You are asked to repeat the listing word for word and to leave out its pictures.

» **INFORMATION PROVIDED**

======

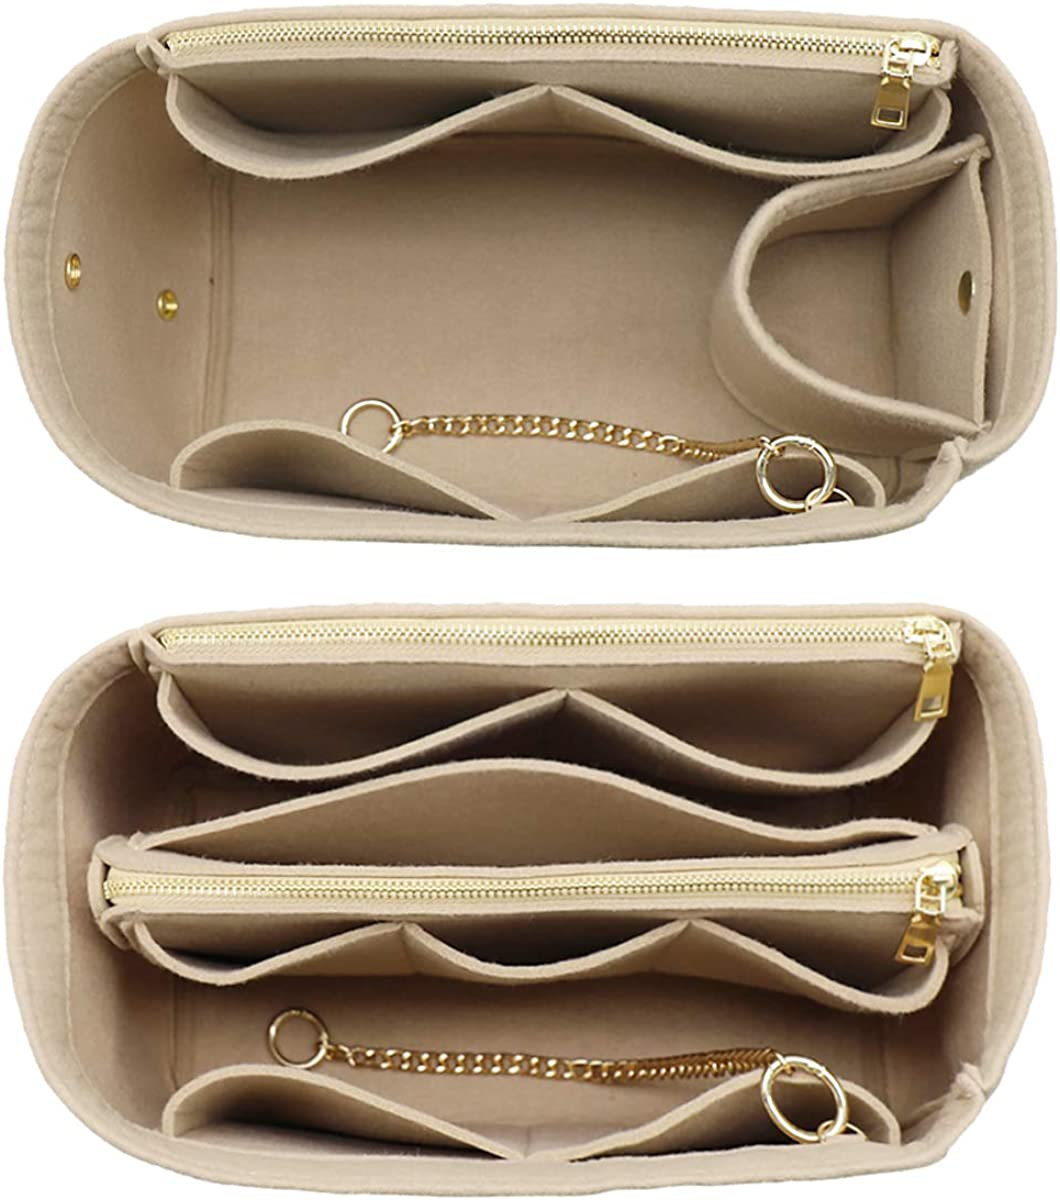 3 in 1 Felt Purse Organizer Insert Bag in Bag with a Bottle Holder Shaper
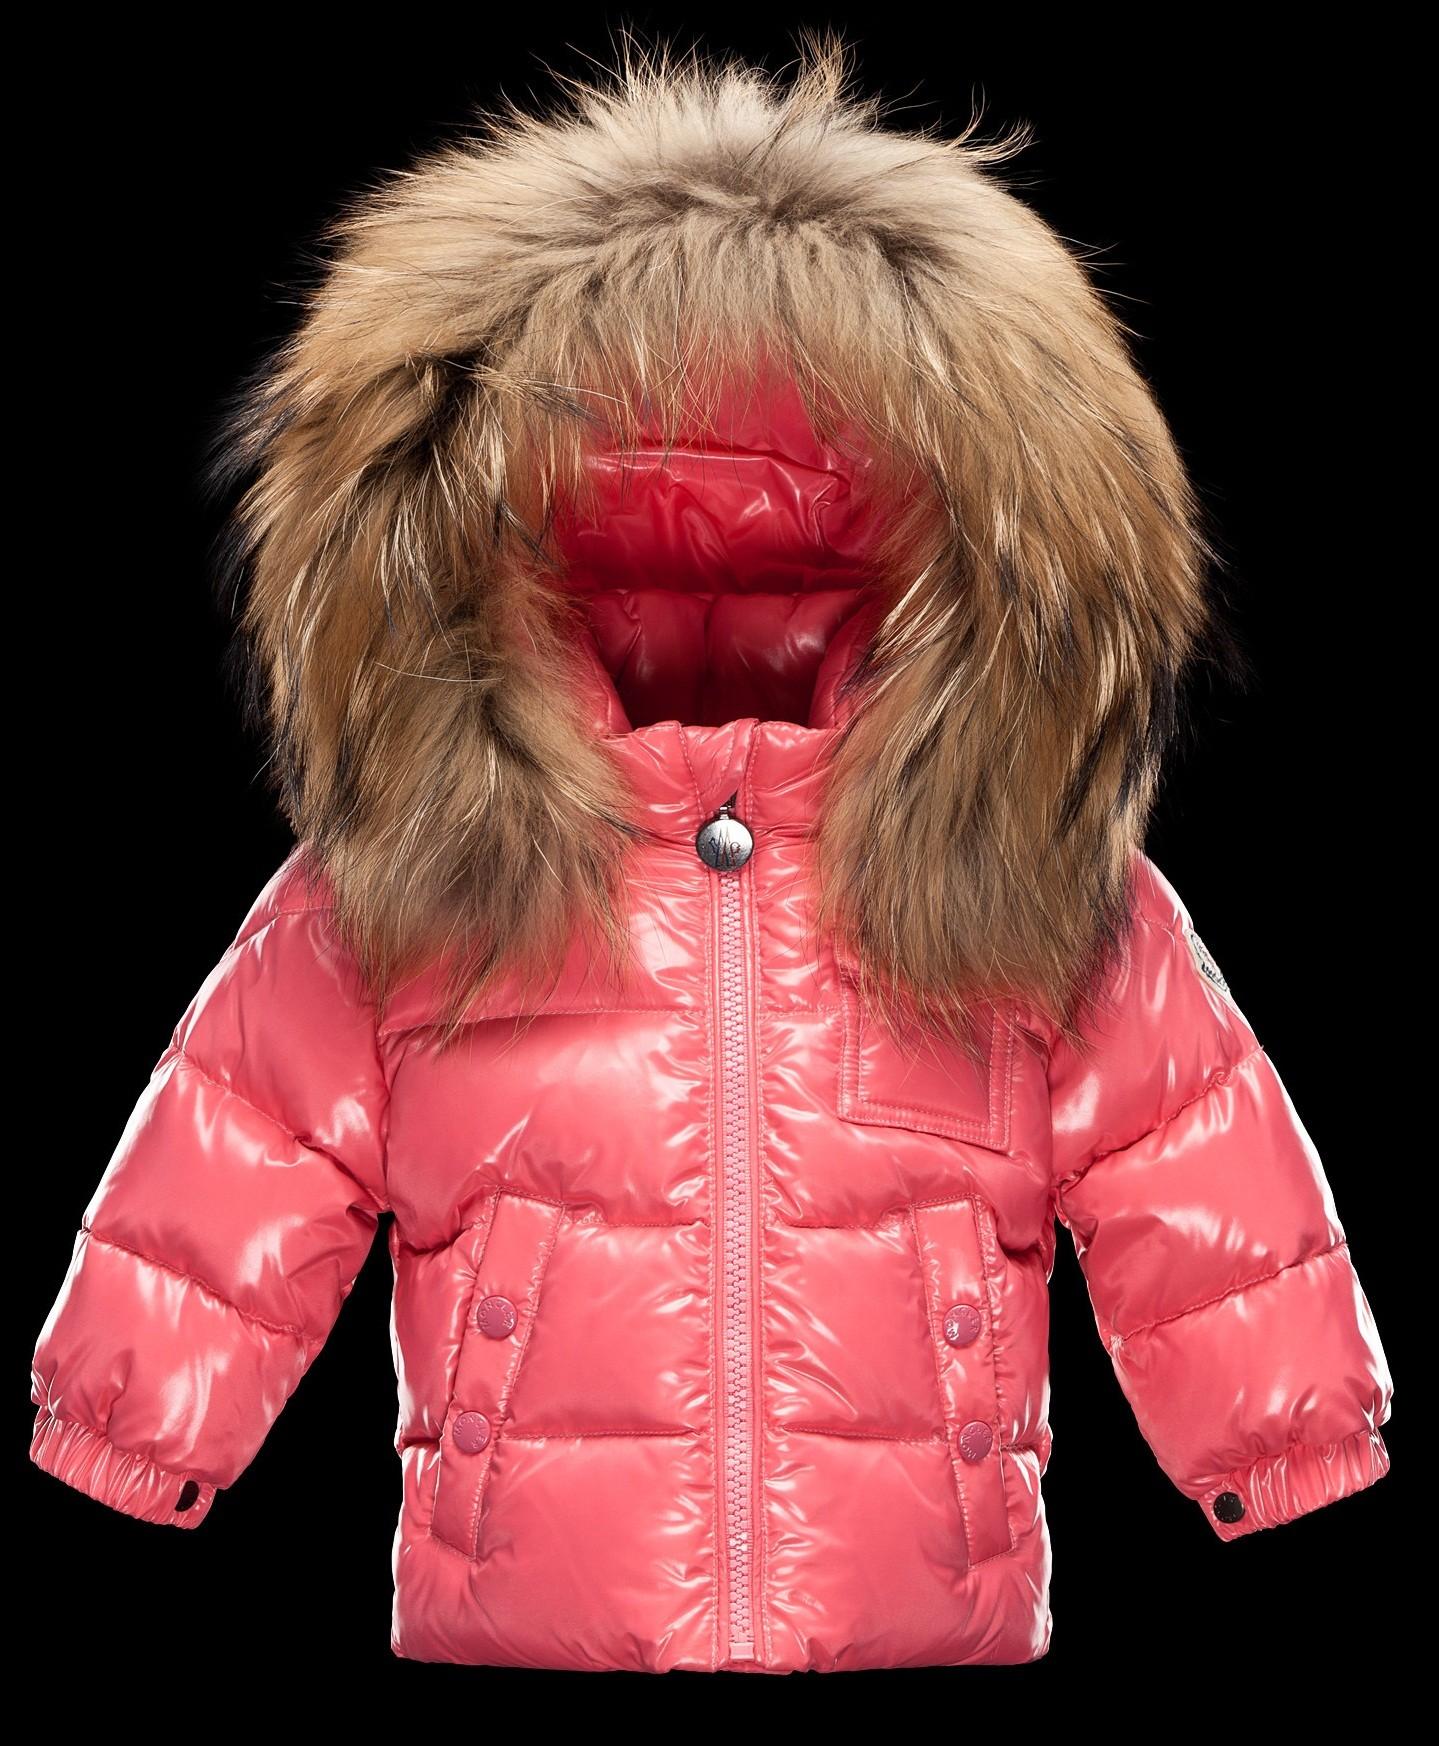 Moncler  ENFANT K2 Baby Down Jacket пуховая куртка с капюшоном 3/36 месяцев Розовый
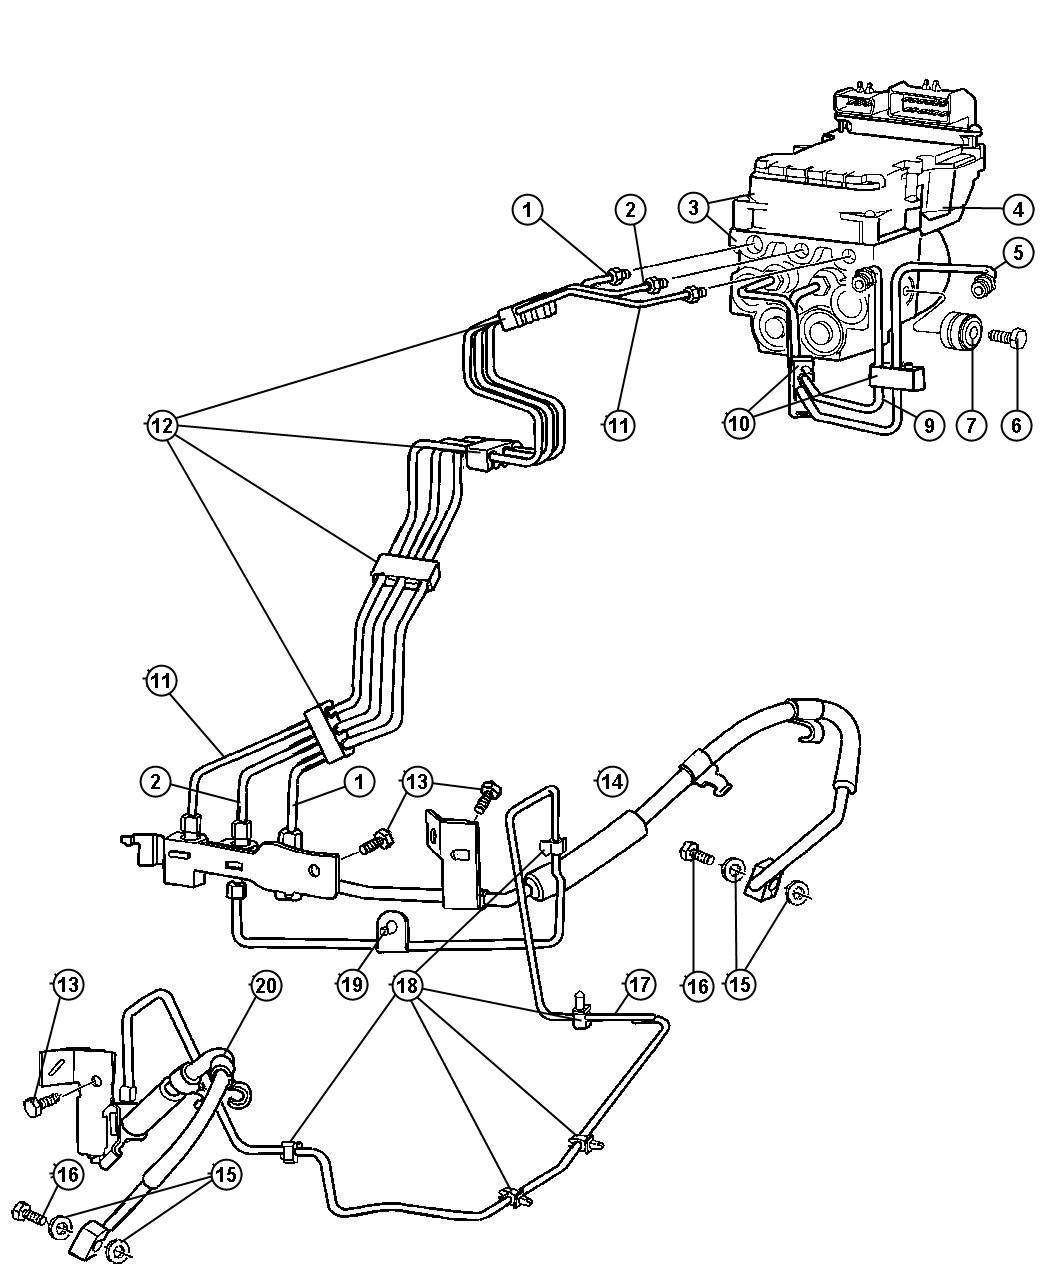 Dodge Ram 2500 Control unit. Anti-lock brake. [engines
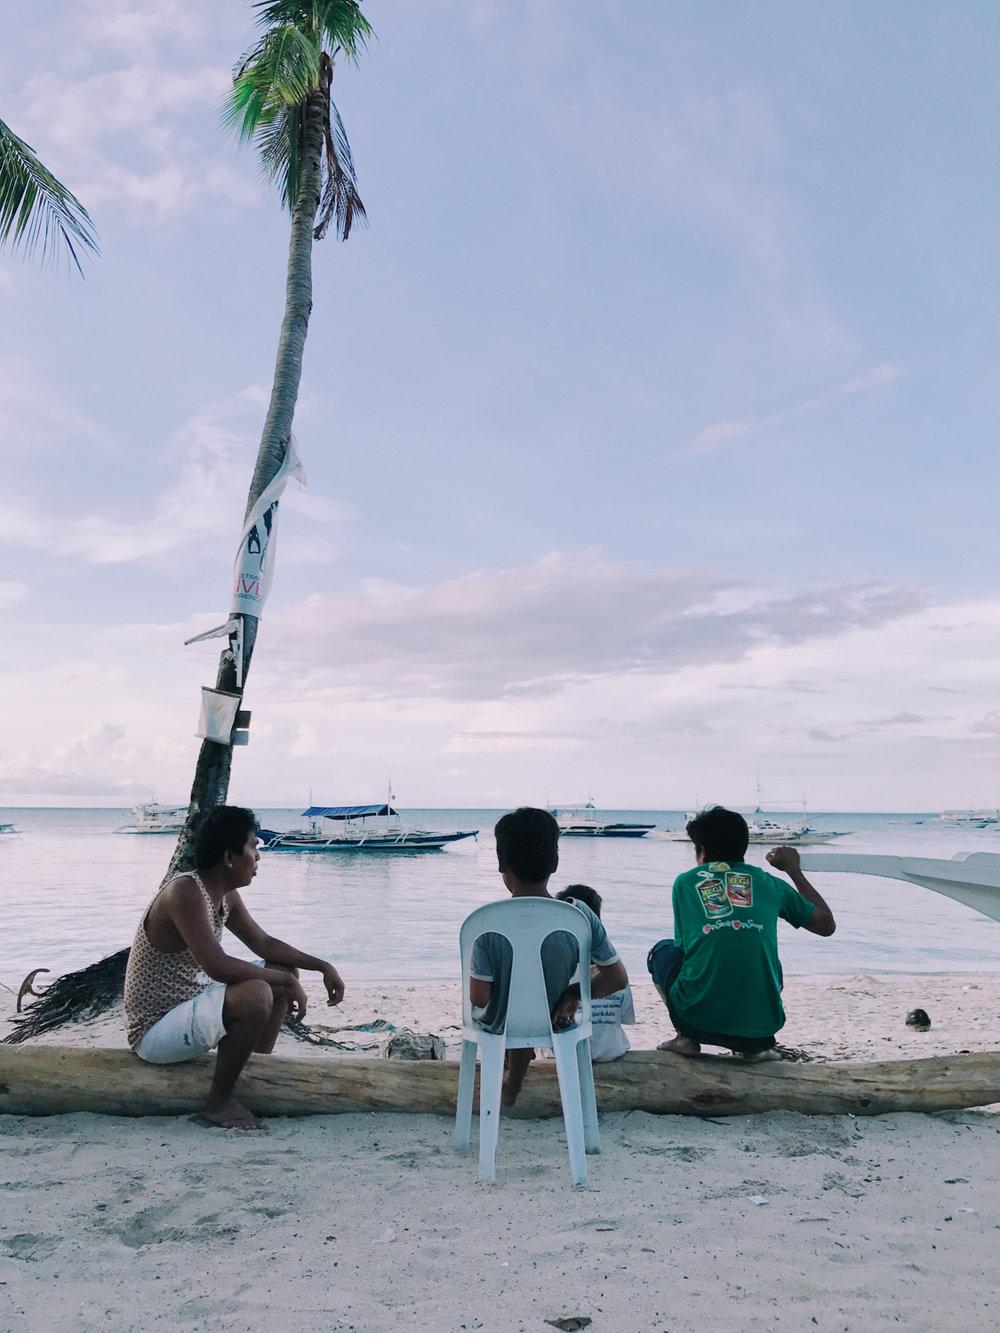 marina_philippines_malapascua19.jpg

======

» **TASK ANSWER**
 3 in 1 Felt Purse Organizer Insert Bag in Bag with a Bottle Holder Shaper
 Moncler  ENFANT K2 Baby Down Jacket пуховая куртка с капюшоном 3/36 месяцев Розовый
 Dodge Ram 2500 Control unit. Anti-lock brake. [engines
 marina_philippines_malapascua19.jpg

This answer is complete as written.